ABOUT THIS TASK ->
Only lines, not pictures: please repeat exactly the lines from the one with "Martha's Vineyard Regional" through the end of the listing.

DATASET CONTENT ->
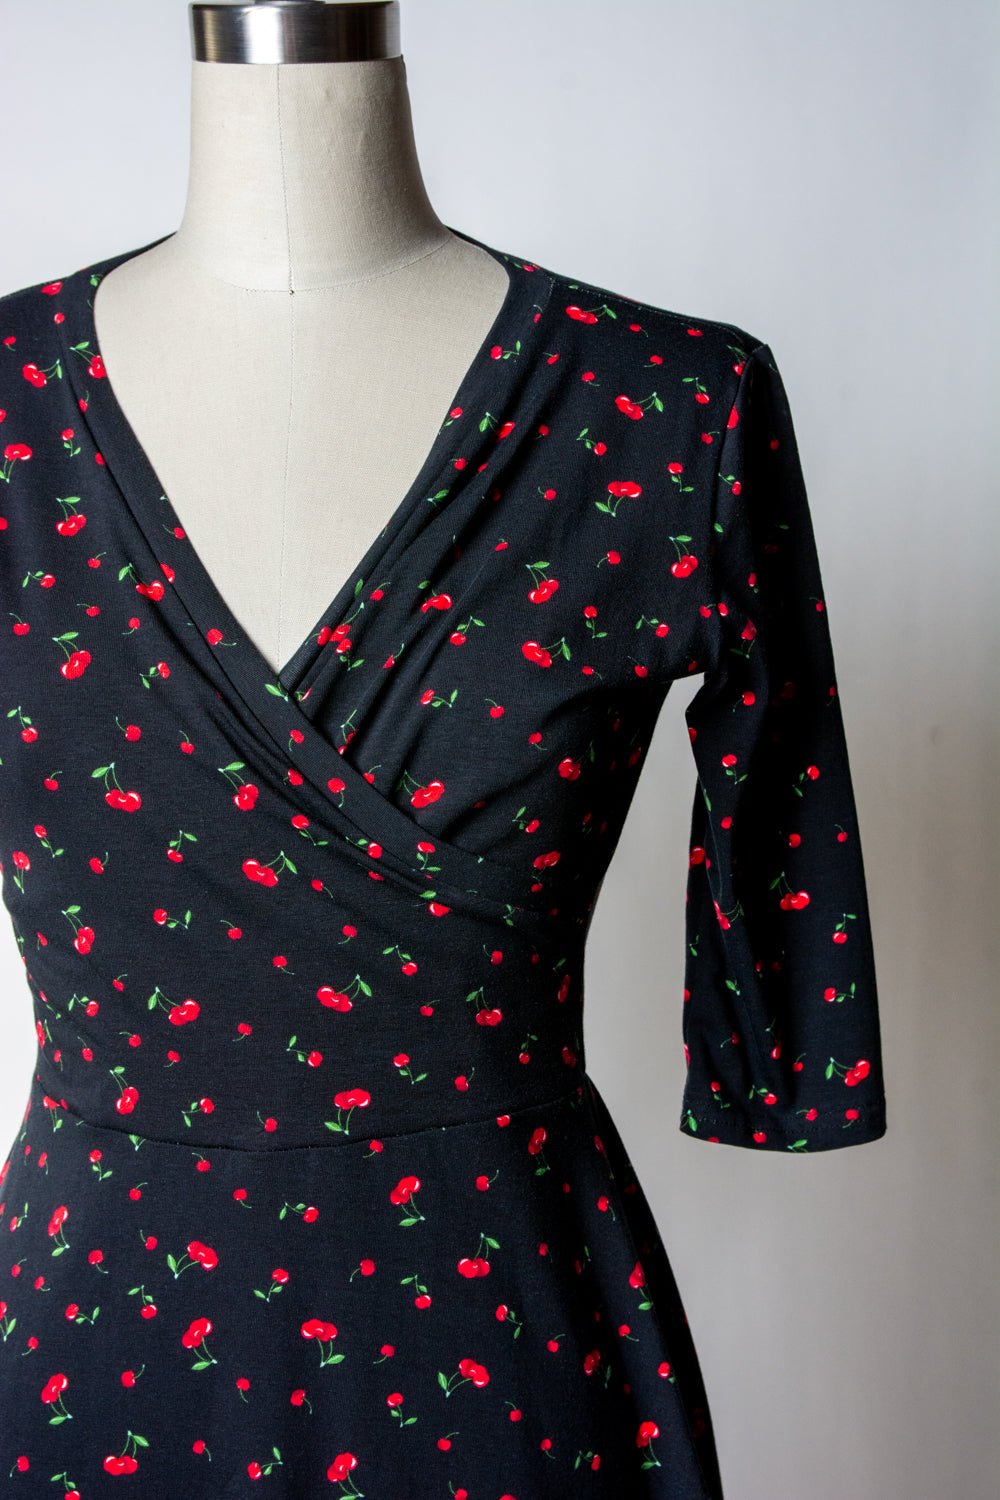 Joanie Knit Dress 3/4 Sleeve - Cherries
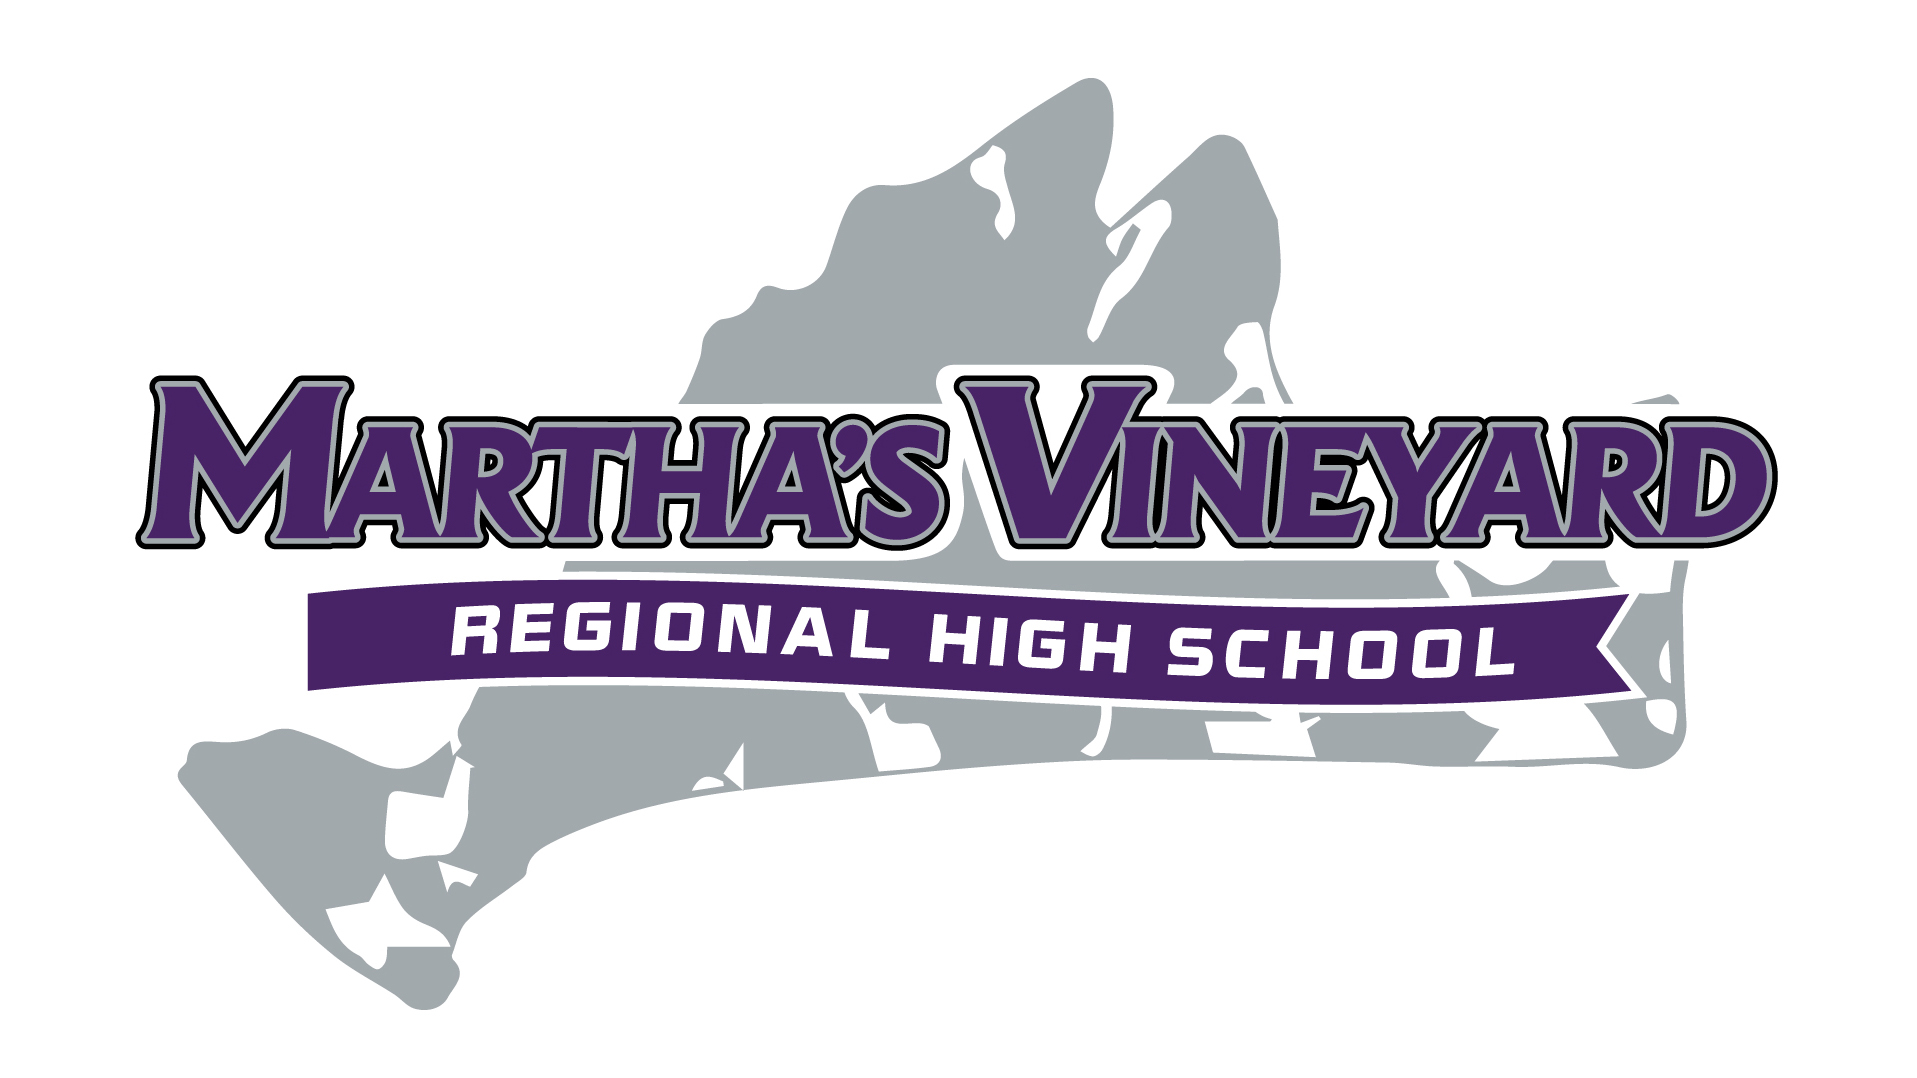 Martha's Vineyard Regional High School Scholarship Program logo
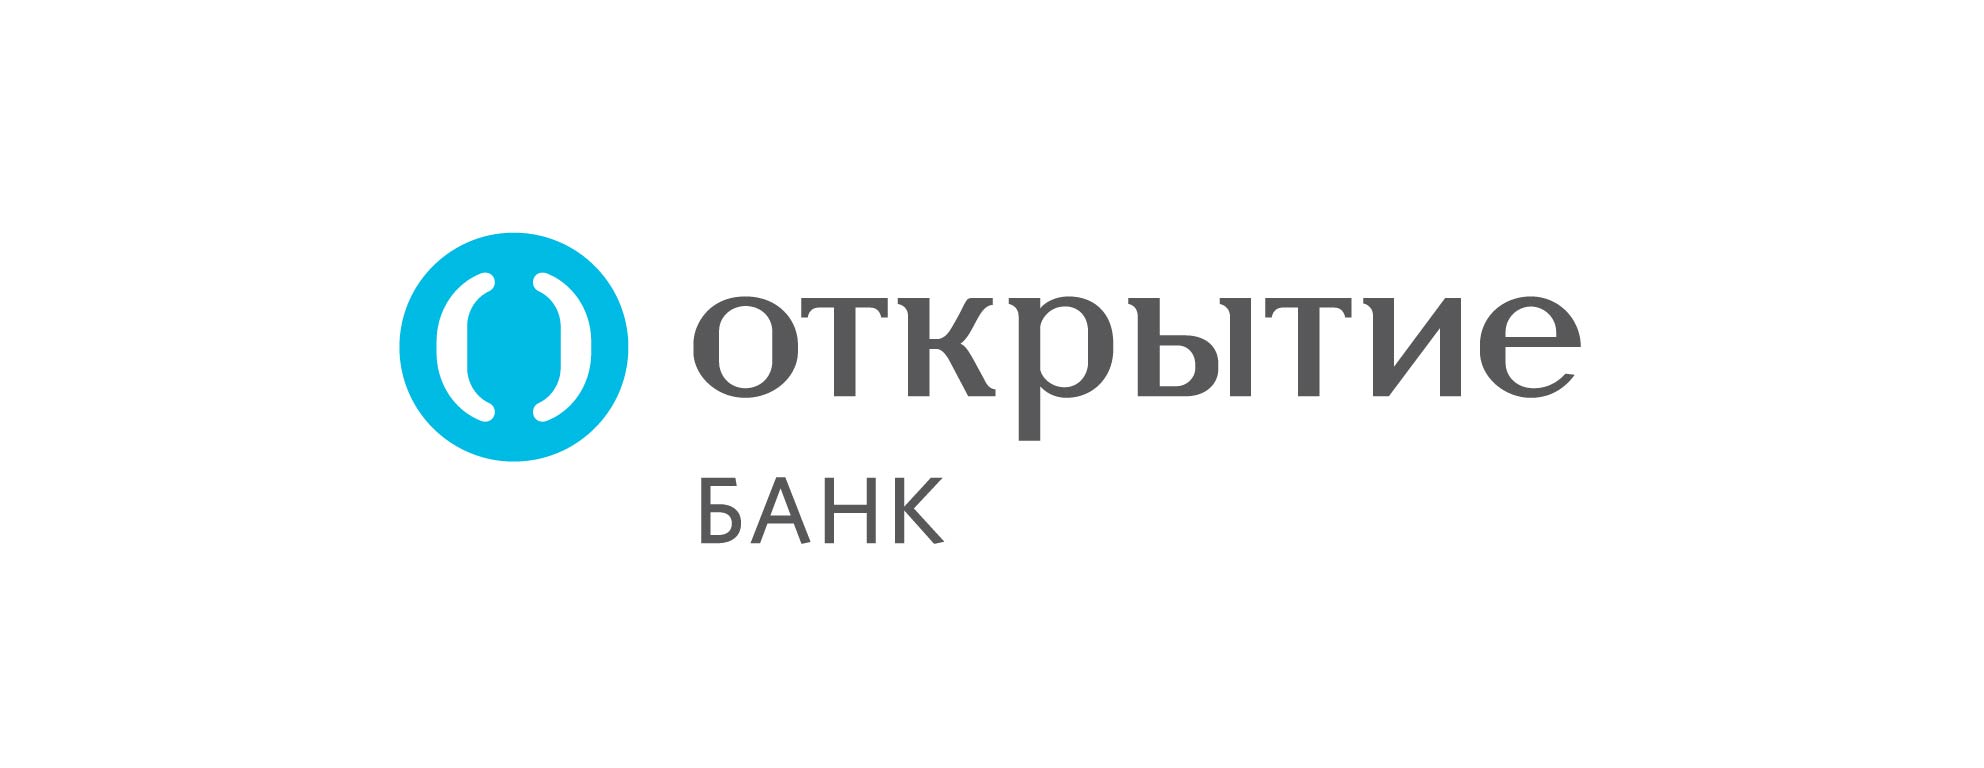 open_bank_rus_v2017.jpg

RESPONSE ->
 Martha's Vineyard Regional High School Scholarship Program logo
 open_bank_rus_v2017.jpg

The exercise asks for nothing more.